While Nationwide Mutual did not make such a request from the trial court, we find the October 9, 2008, order from the trial court complete and able to withstand scrutiny in this extraordinary action.
Footnote: 8
      However, we note that some types of evidence, while relevant and helpful to the litigation, are not discoverable. See Syl. pt. 2, State of West Virginia ex rel. Allstate Ins. Co. v. Madden, 215 W. Va. 705, 601 S.E.2d 25 (2004) (“'In clear language, Rule 26 of the West Virginia Rules of Civil Procedure provides that privileged matters, although relevant, are not discoverable. As a result of this rule, many documents that could very substantially
aid a litigant in a lawsuit are neither discoverable nor admissible as evidence. In determining what privileges or protections are applicable, we are obligated to look both at the rules themselves and to our statutory and common law.' Syllabus point 12, State ex rel. Medical Assurance of West Virginia, Inc. v. Recht, 213 W. Va. 457, 583 S.E.2d 80 (2003).”). While the Georges argue that the information sought in discovery is not privileged but, rather, is only confidential, this opinion does not reach that issue and should not be construed as making such a decision.
Footnote: 9
      See Syl. pt. 3, Dodrill v. Nationwide Mut. Ins. Co., 201 W. Va. 1, 491 S.E.2d 1 (1996) (“'More than a single isolated violation of W. Va. Code, 33-11-4(9), must be shown in order to meet the statutory requirement of an indication of “a general business practice,” which requirement must be shown in order to maintain the statutory implied cause of action.' Syllabus point 3, Jenkins v. J.C. Penney Casualty Insurance Company, 167 W. Va. 597, 280 S.E.2d 252 (1981) [, overruled on other grounds by State ex rel. State Farm Fire & Cas. Co. v. Madden, 192 W. Va. 155, 451 S.E.2d 721 (1994)].”). See also Syl. pt. 4, State Farm Mut. Auto. Ins. Co. v. Stephens, 188 W. Va. 622, 425 S.E.2d 577 (1992) (“The question of the relevancy of the information sought through discovery essentially involves a determination of how substantively the information requested bears on the issues to be tried.

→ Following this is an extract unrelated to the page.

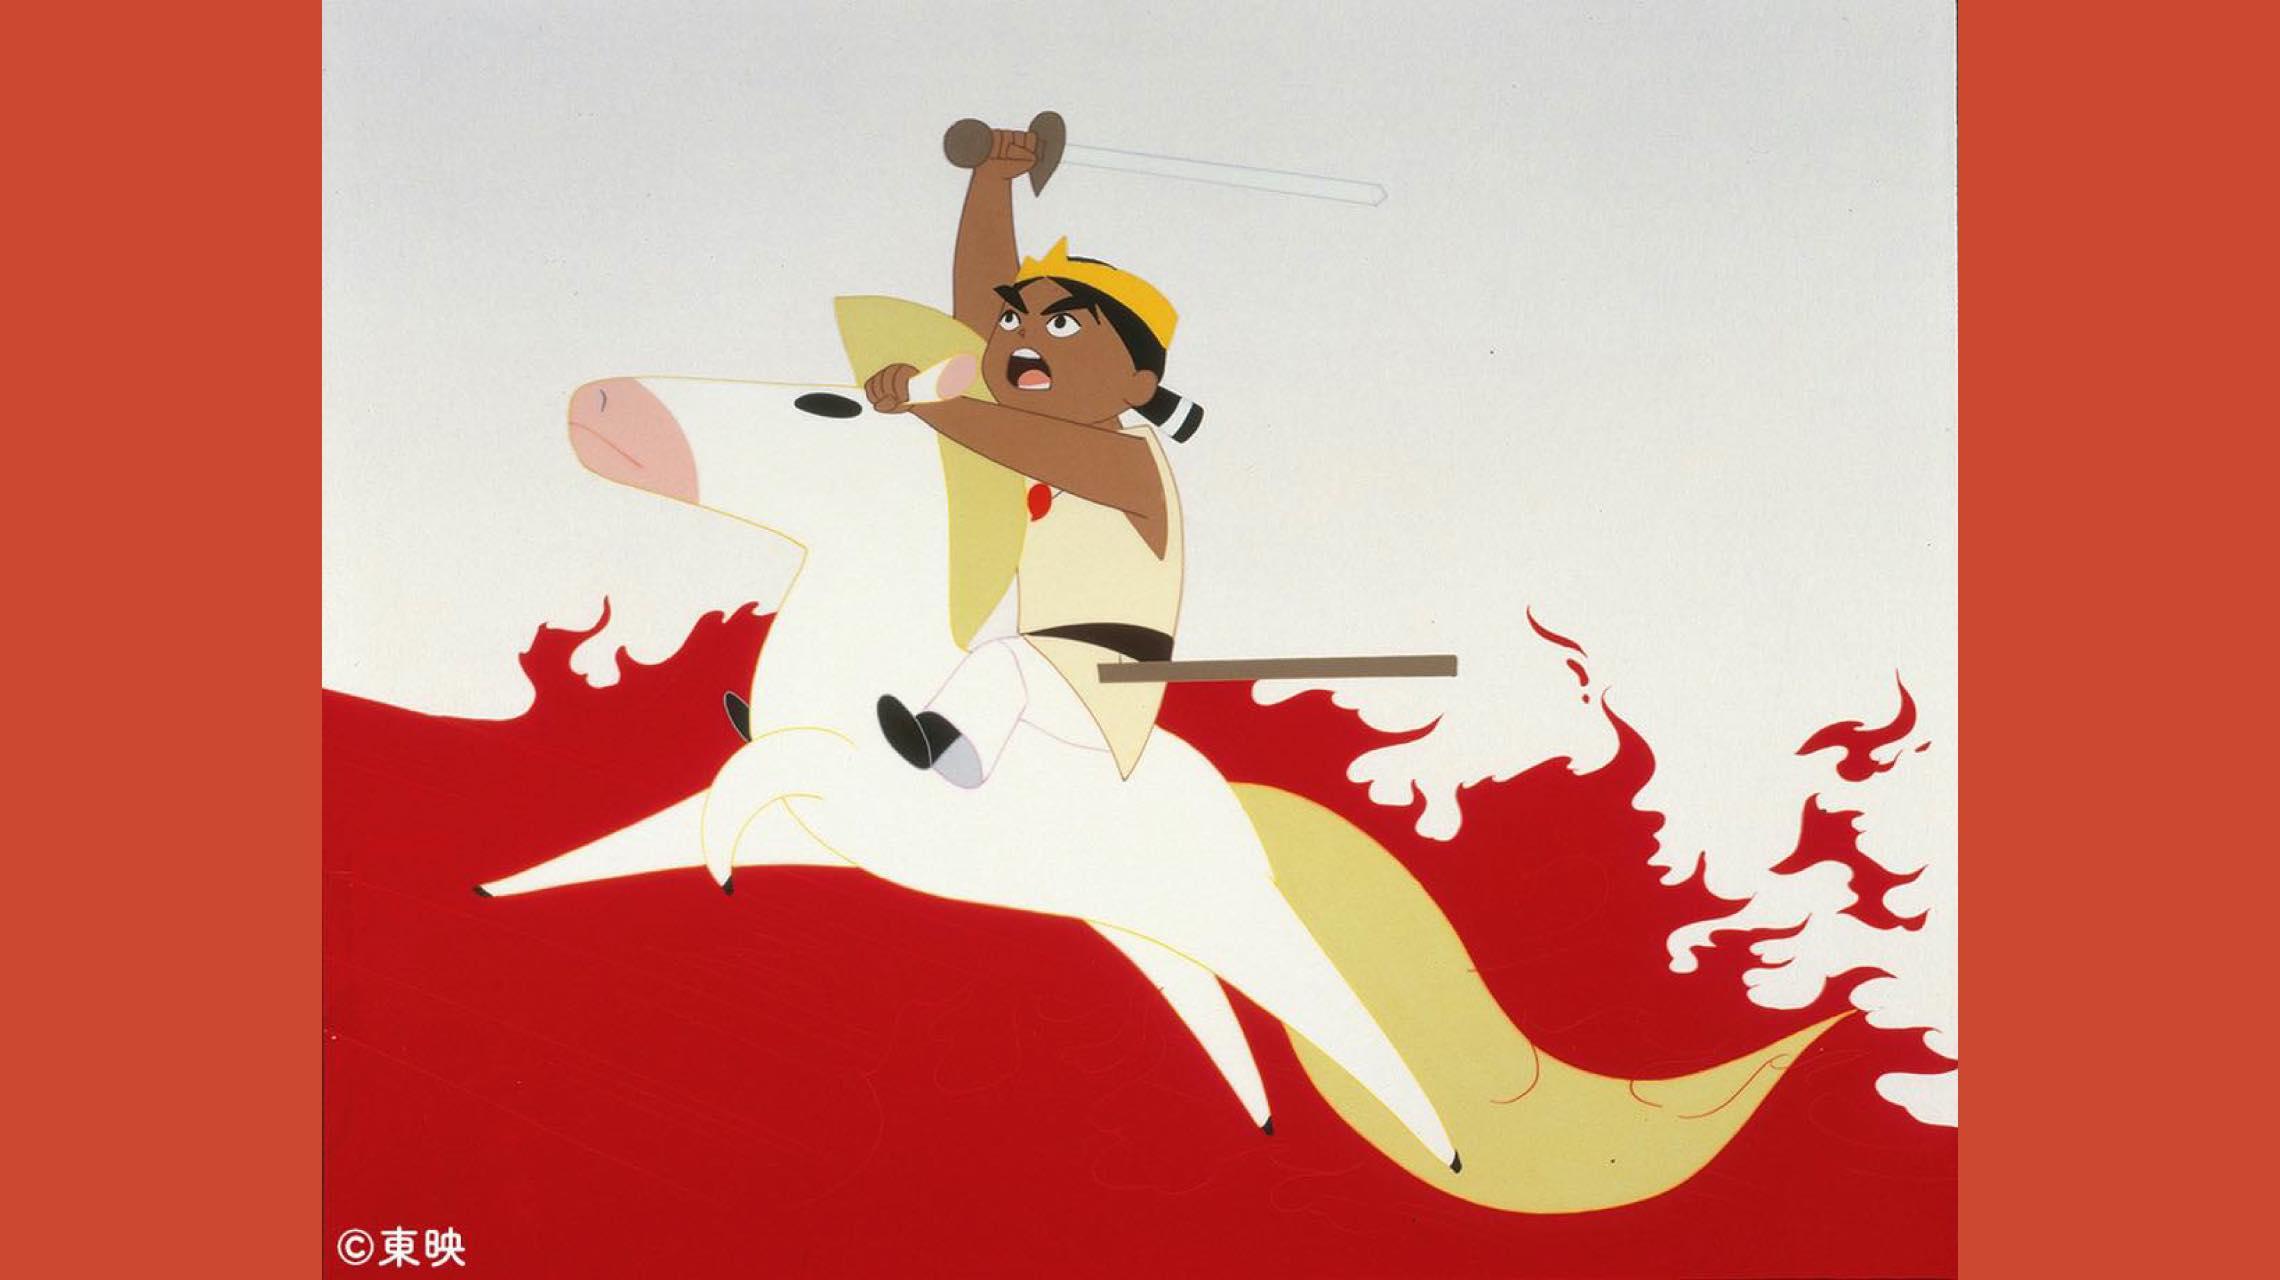 アニメ映画史を代表する、東映の名作をスクリーンで。「東映動画まつり」がユジク阿佐ヶ谷で開催

However, under Rule 26(b)(1) of the West Virginia Rules of Civil Procedure, discovery is not limited only to admissible evidence, but applies to information reasonably calculated to lead to the discovery of admissible evidence.”).
Footnote: 10
      This Court is troubled by Nationwide Mutual's failure to accurately reflect the circuit court's rulings in its petition for writ of prohibition to this Court. Acceptance of
cases involving such extraordinary remedies is based on this Court's review of the petition requesting the same. Thus, it is imperative that any party seeking such a writ be forthright in the allegations contained in its brief. Compounding the inattentive pleading in this case is the fact that Nationwide Mutual also was a party in this Court's prior Kaufman case, and was represented by the same law firm involved in the Kaufman case. See SER Nationwide Mut. Ins. Co. v. Kaufman, 222 W. Va. 37, 658 S.E.2d 728 (2008). However, despite this background, Nationwide Mutual's writ of prohibition failed to discuss the Kaufman case in its brief before this Court and failed to accurately represent the circuit court's rulings in the case sub judice.
Footnote: 11
      Because this Court's disposition of this case is denial of the writ of prohibition on the basis that the rule to show cause was improvidently granted, this opinion does not reach the merits of the issue of the discoverability of confidential settlement agreements.